London, Jan. 30 (Reuters): British Prime Minister Tony Blair’s trust ratings have slumped despite his emphatic victory over the BBC in a long-running feud over Iraq, opinion polls showed today.

As ousted BBC head Greg Dyke hit back at a judge’s report which lambasted the broadcaster over its reporting, analysts noted the government’s satisfaction at its win did not seem to be shared by the voting public.

“Tony Blair and other ministers may imagine they are now in the clear but a substantial majority of the public takes a different view,” said Anthony King, professor of government at Essex University.

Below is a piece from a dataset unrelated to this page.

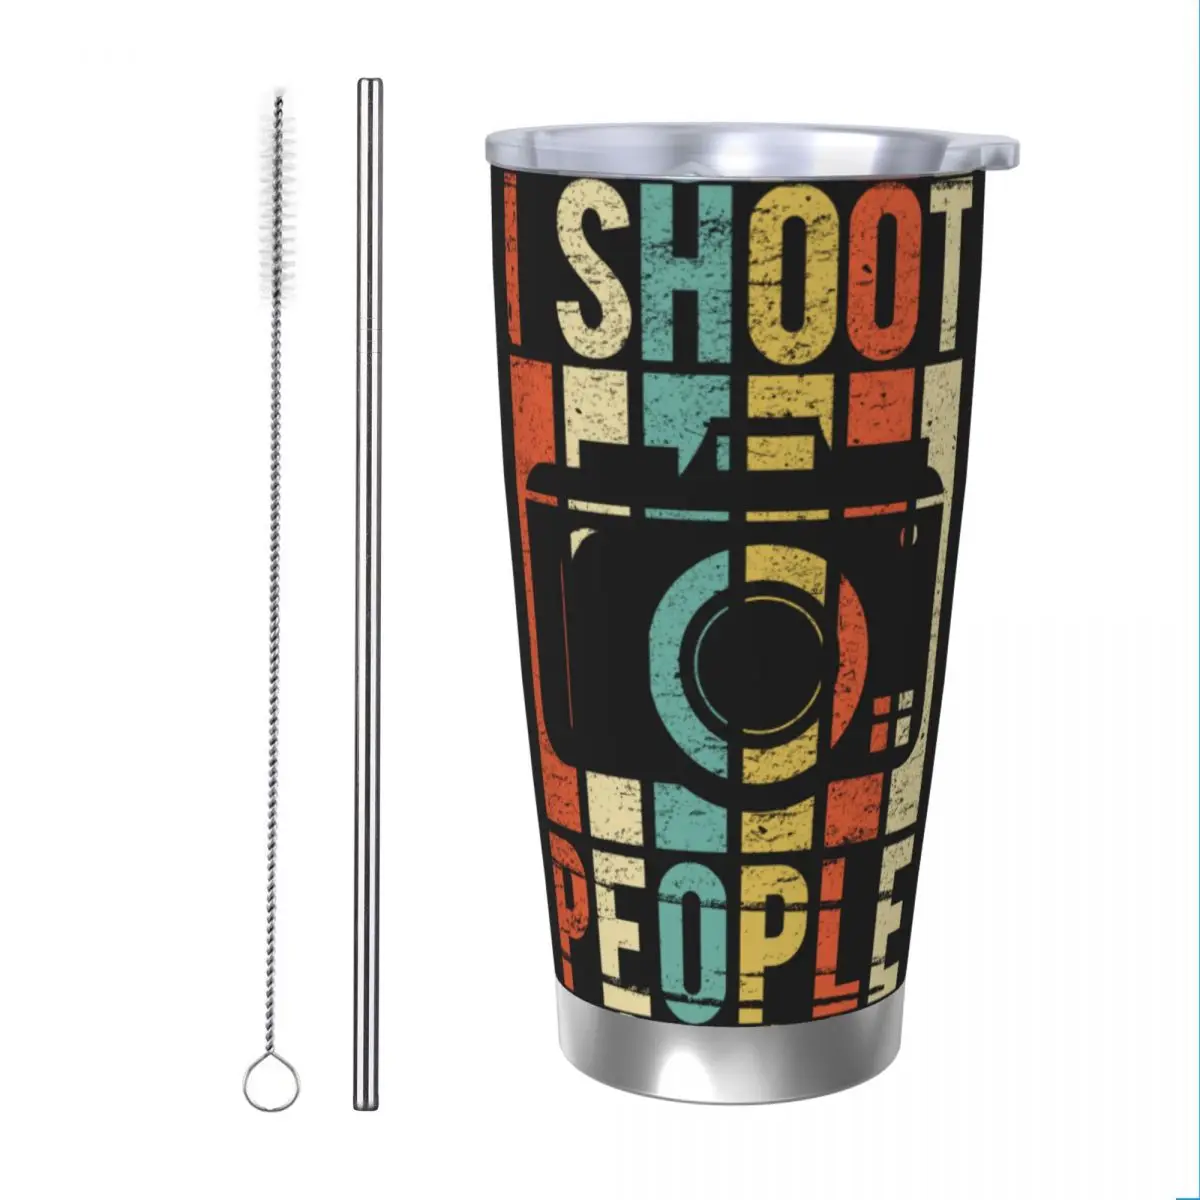 

Vintage Shoot People Photographer Insulated Tumbler with Lid Stainless Steel Thermal Mug Double Wall Hot Cold Drinks Cups, 20oz

Hutton castigated the BBC and cleared the government over the suicide last year of Iraq weapons expert David Kelly, plunging the corporation into the biggest crisis in its 82-year history. “A dispassionate judge has looked at the facts and made his judgment on the facts and that is where the matter should rest,” Blair’s spokesman said.

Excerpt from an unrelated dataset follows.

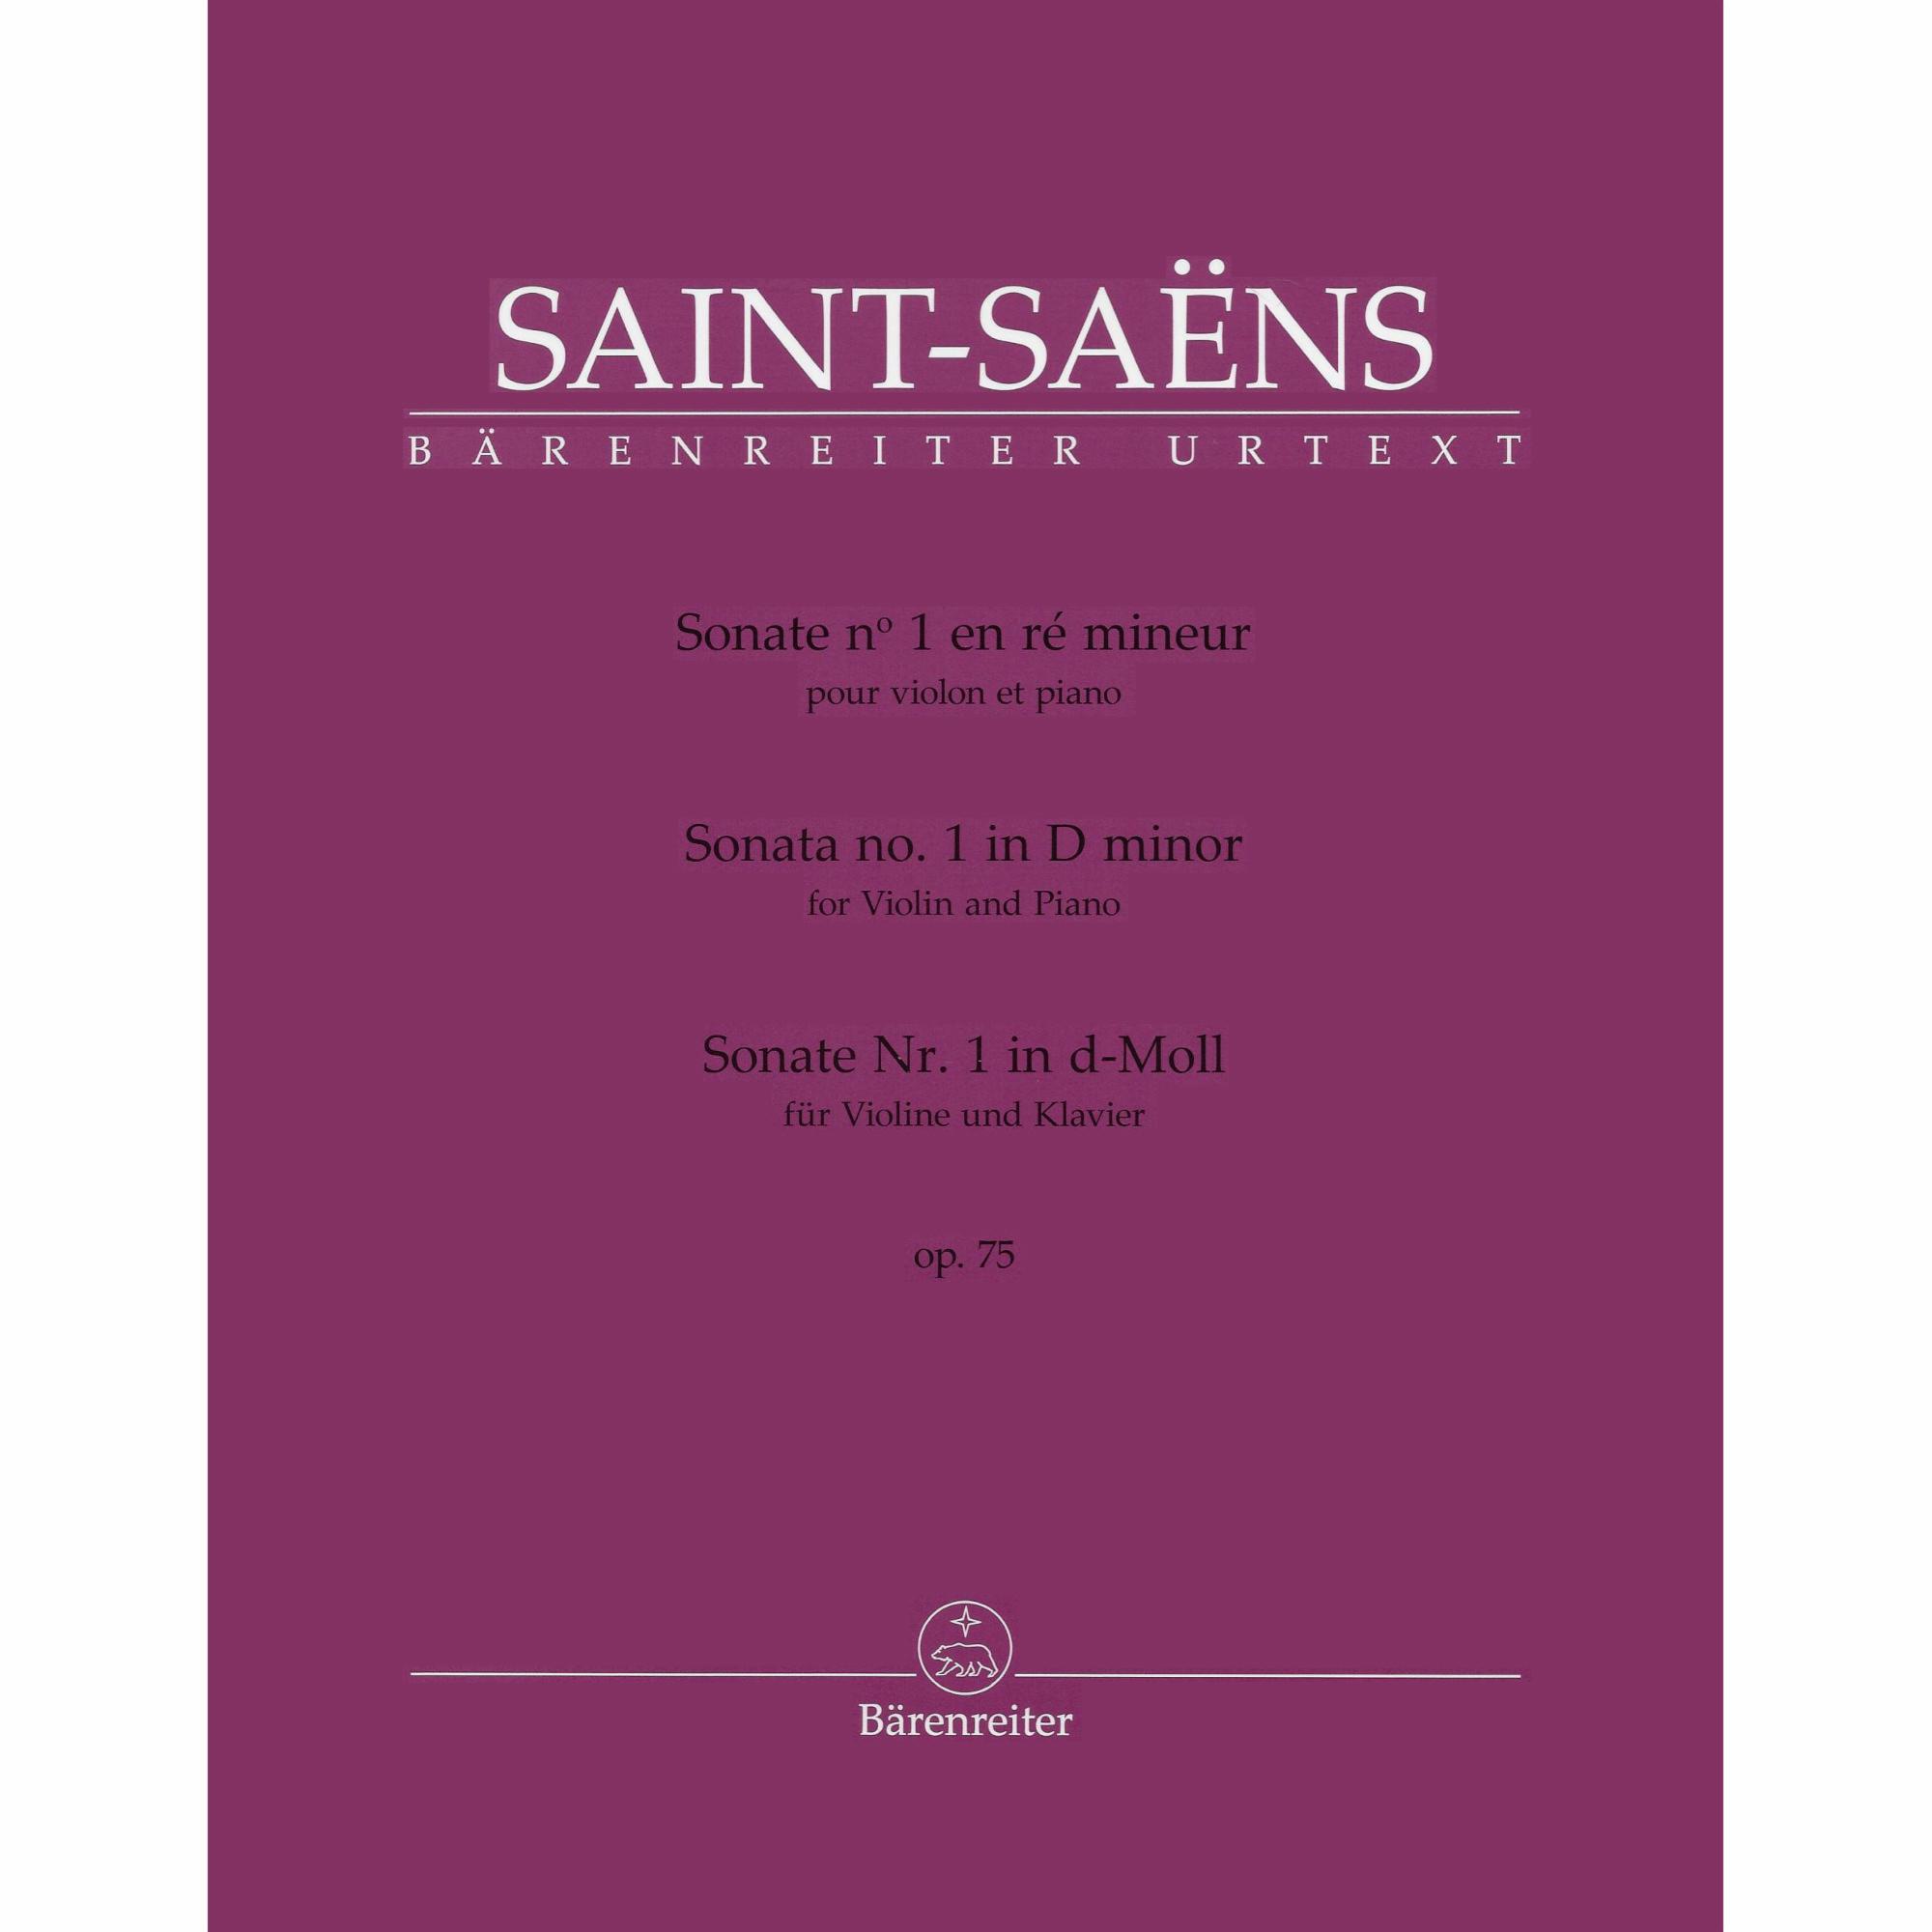 Saint-Saens -- Sonata No. 1 in D Minor, Op. 75 for Violin and Piano

But opinion polls in three newspapers today and accusations of a whitewash suggested there may yet be a political price to pay. An ICM poll in the Guardian showed Blair’s trust rating down two points at minus 17 and that support for the invasion of Iraq to counter the threat of still unfound chemical and biological weapons had fallen six points in a week to 47 per cent.

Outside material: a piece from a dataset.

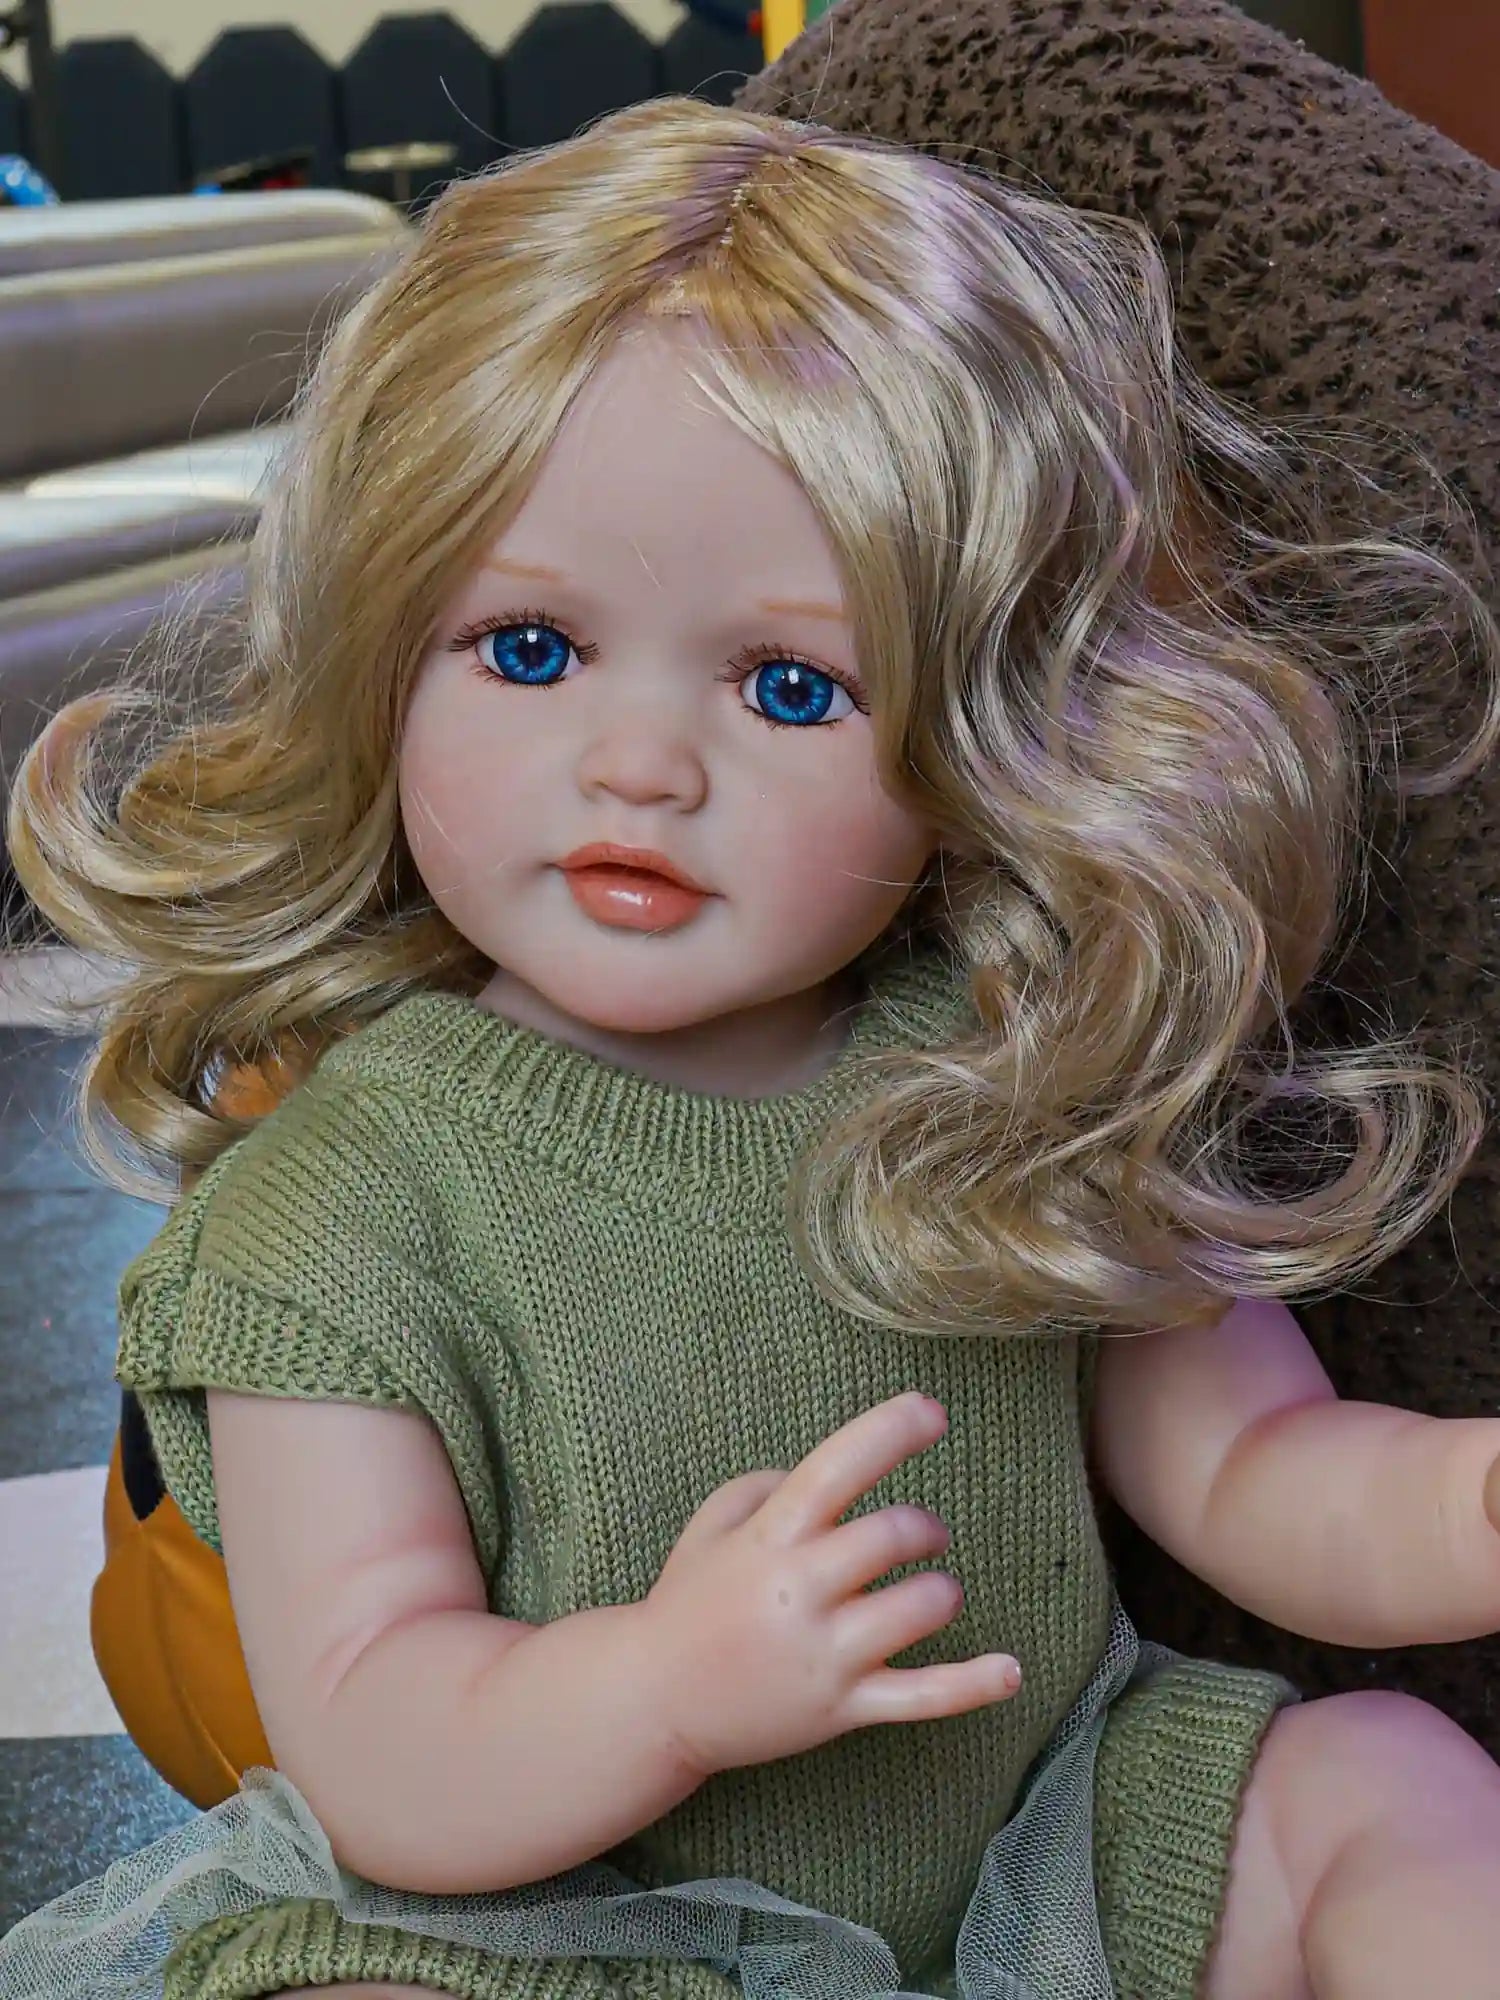 A sitting doll with a lifelike expression, sporting flowing blonde curls, sparkling blue eyes, and a green knitted dress with a ribbon detail.

A Populus poll in the Times indicated public trust in both Blair and the BBC had fallen almost equally and a YouGov survey for the Daily Telegraph showed 52 per cent of their sample thought Blair had behaved improperly.

“The poll figures... do give rise to very considerable concern, I think, among everybody involved in political life,” said senior government minister Lord Falconer. Kelly killed himself last July after being named as the source of the BBC’s claim the government knowingly exaggerated the threat posed by Iraq — triggering a fierce battle between the government and the broadcaster. Blair's foes, many commentators and large parts of the public were bewildered at the wholesale bill of health Hutton handed the government compared with his censure of the BBC.

“He’s given the benefit of judgment to virtually everyone in the government and to no one at the BBC,” Dyke said. Hutton's report came a day after Blair narrowly averted parliamentary defeat on a key education bill, seeing him through a two-day period that had threatened his political future.